» What is required:
What is needed is a faithful transcription of all the data below, pictures excluded.

» Given data:

==============================

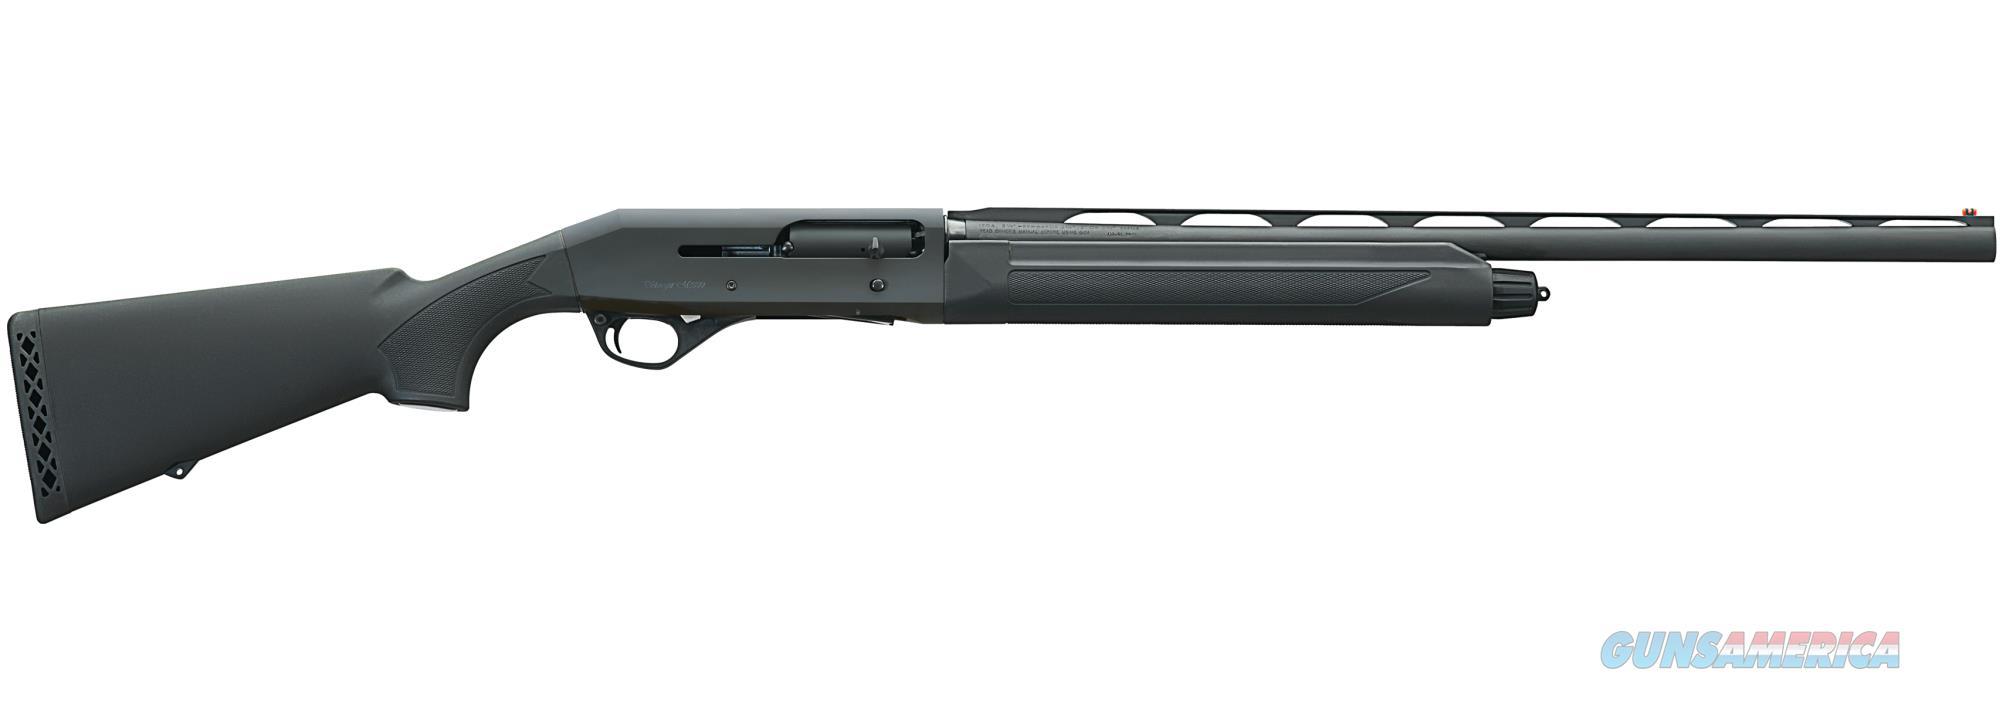 "Stoeger M3500 12 Ga., 28"" barrel, Blk Syn Stock, Mfg# 31810, 3 1/2"", NIB  Guns > Shotguns > Stoeger Shotguns"
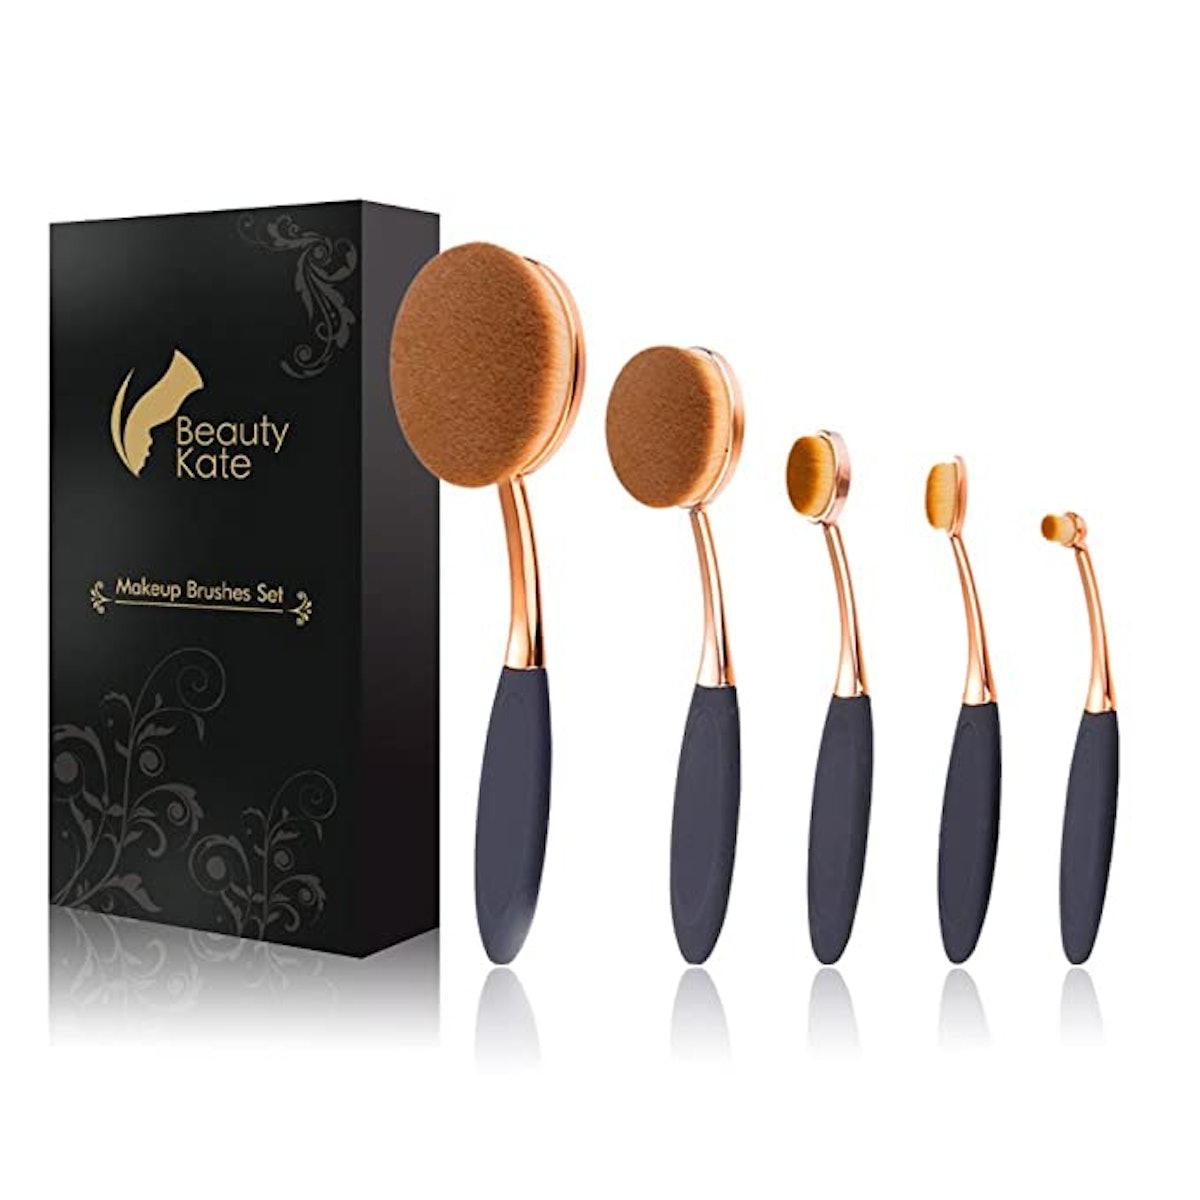 Beauty Kate Oval Makeup Brushes Set (5-Piece)
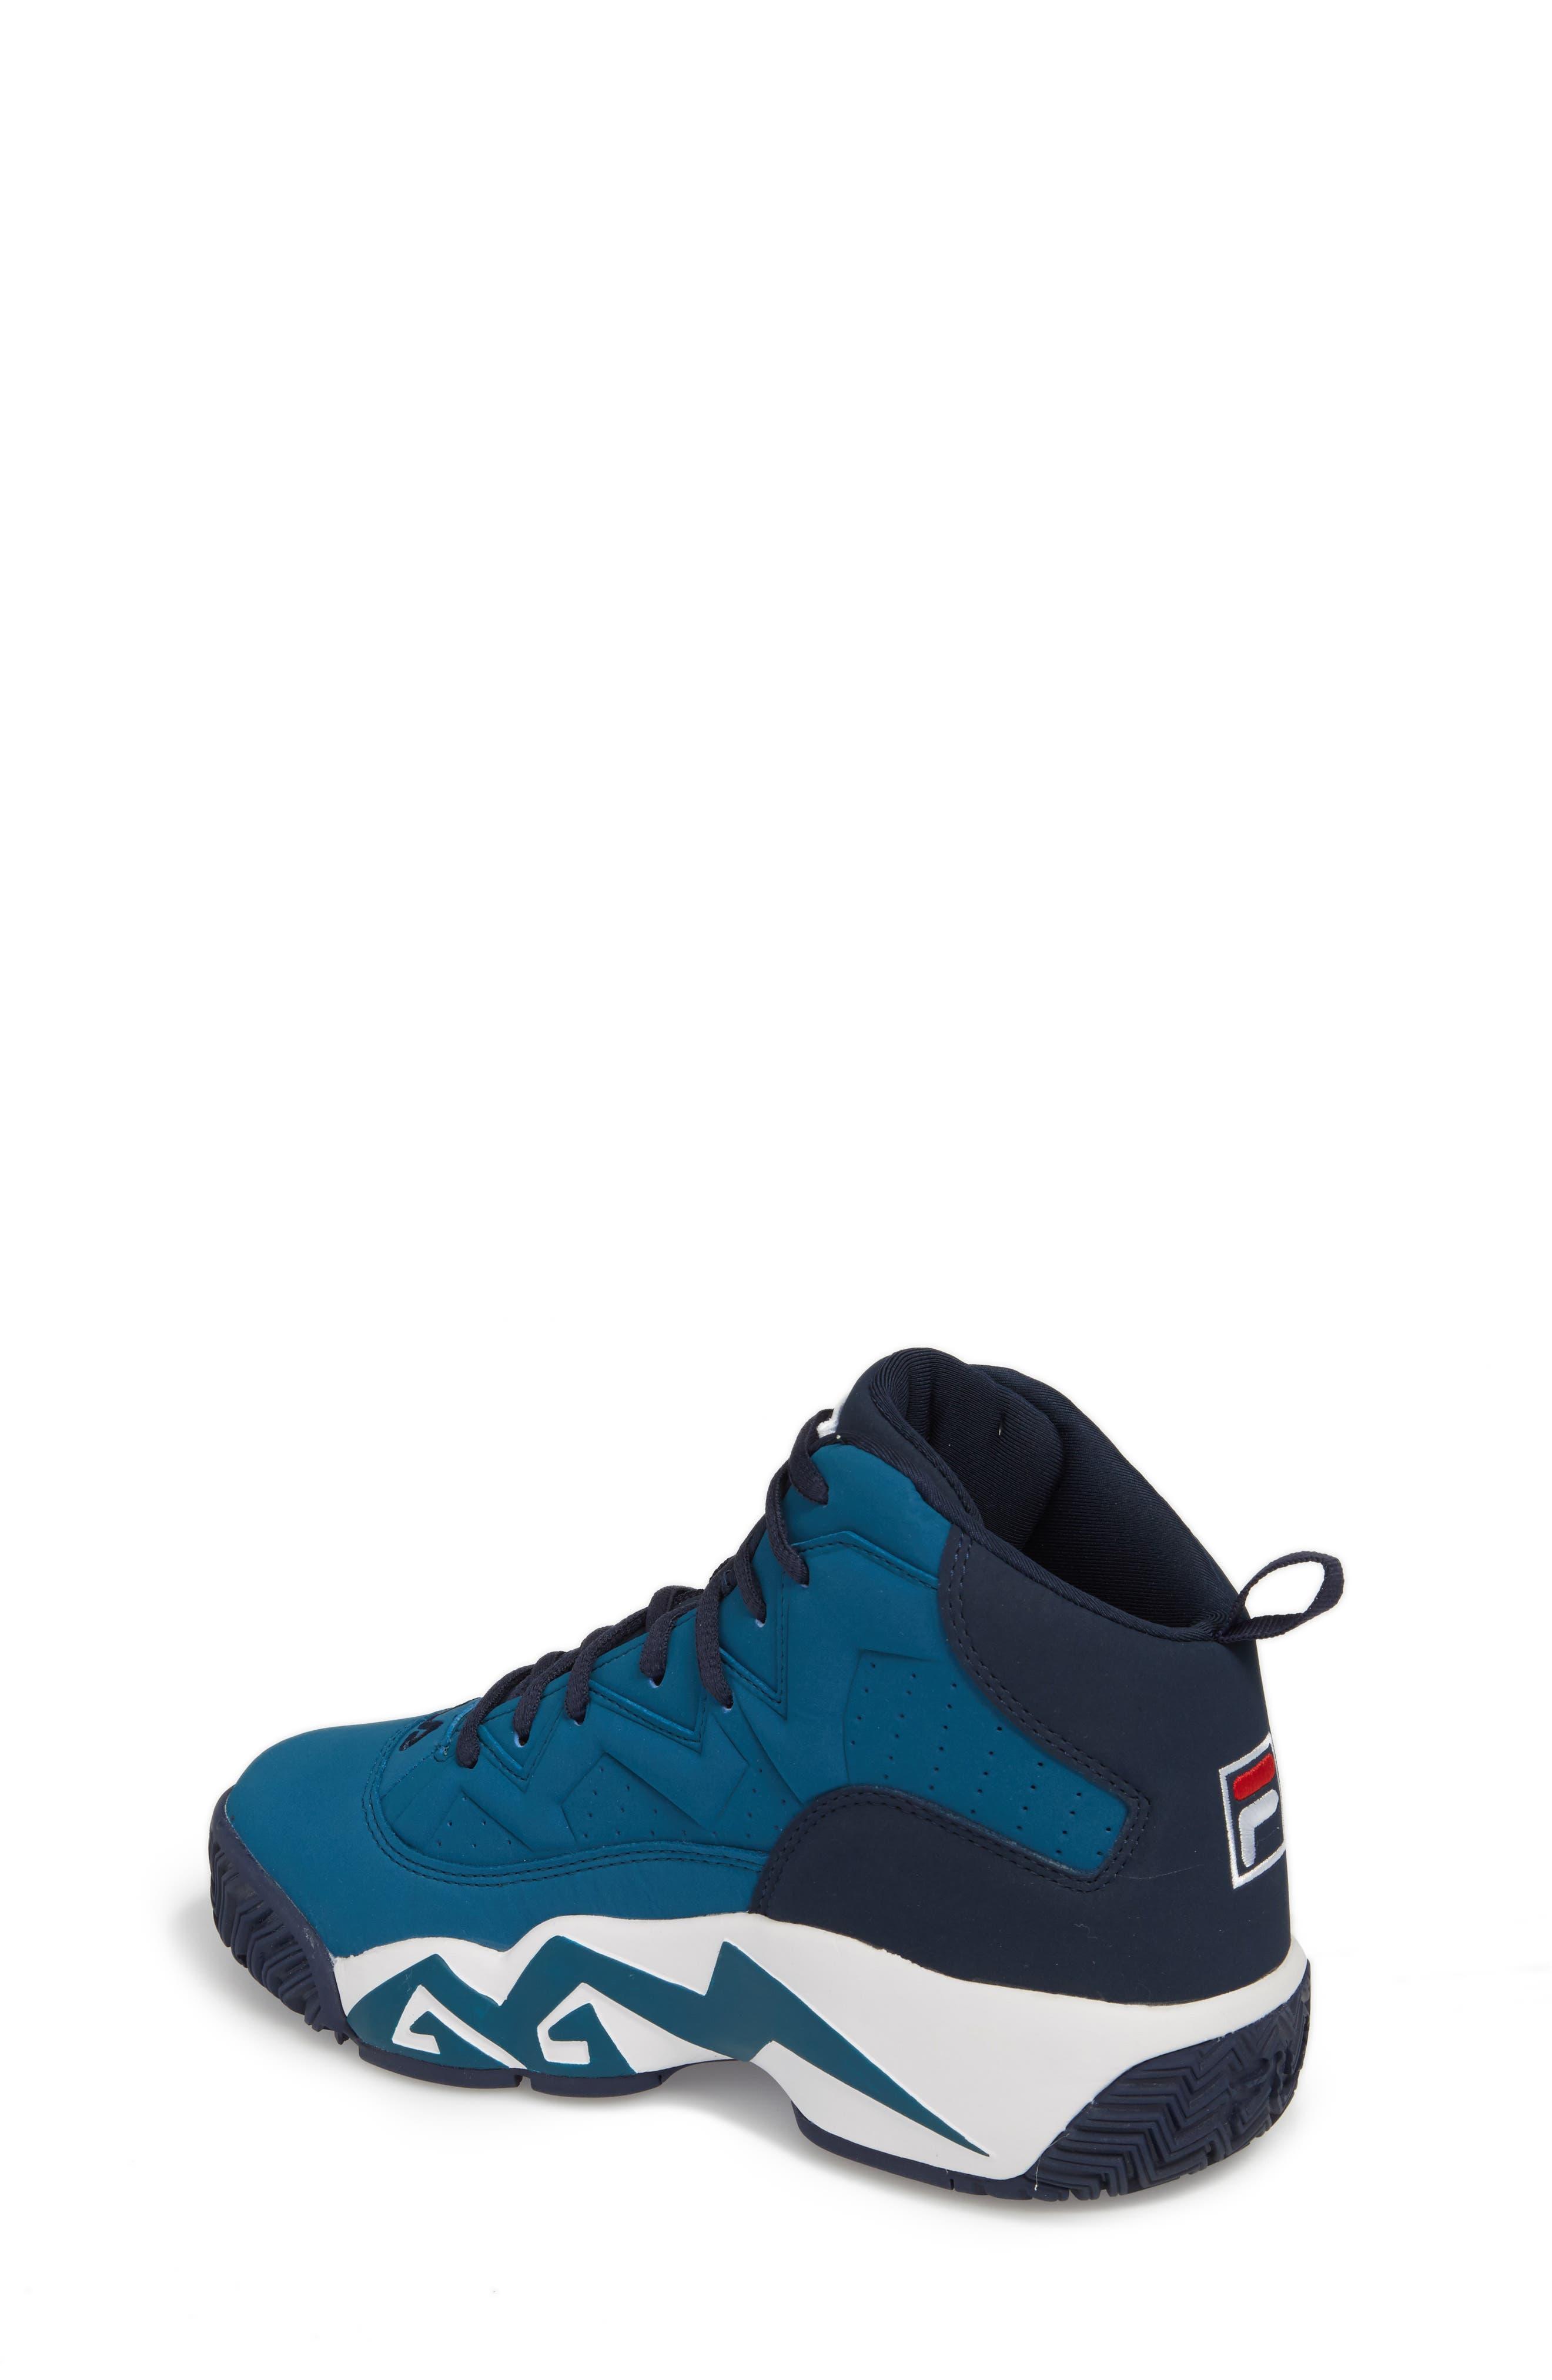 MB High Top Sneaker,                             Alternate thumbnail 2, color,                             INK BLUE/ FILA NAVY

==============================

» Reply:
 "Stoeger M3500 12 Ga., 28"" barrel, Blk Syn Stock, Mfg# 31810, 3 1/2"", NIB  Guns > Shotguns > Stoeger Shotguns"
 Beauty Kate Oval Makeup Brushes Set (5-Piece)
 MB High Top Sneaker,                             Alternate thumbnail 2, color,                             INK BLUE/ FILA NAVY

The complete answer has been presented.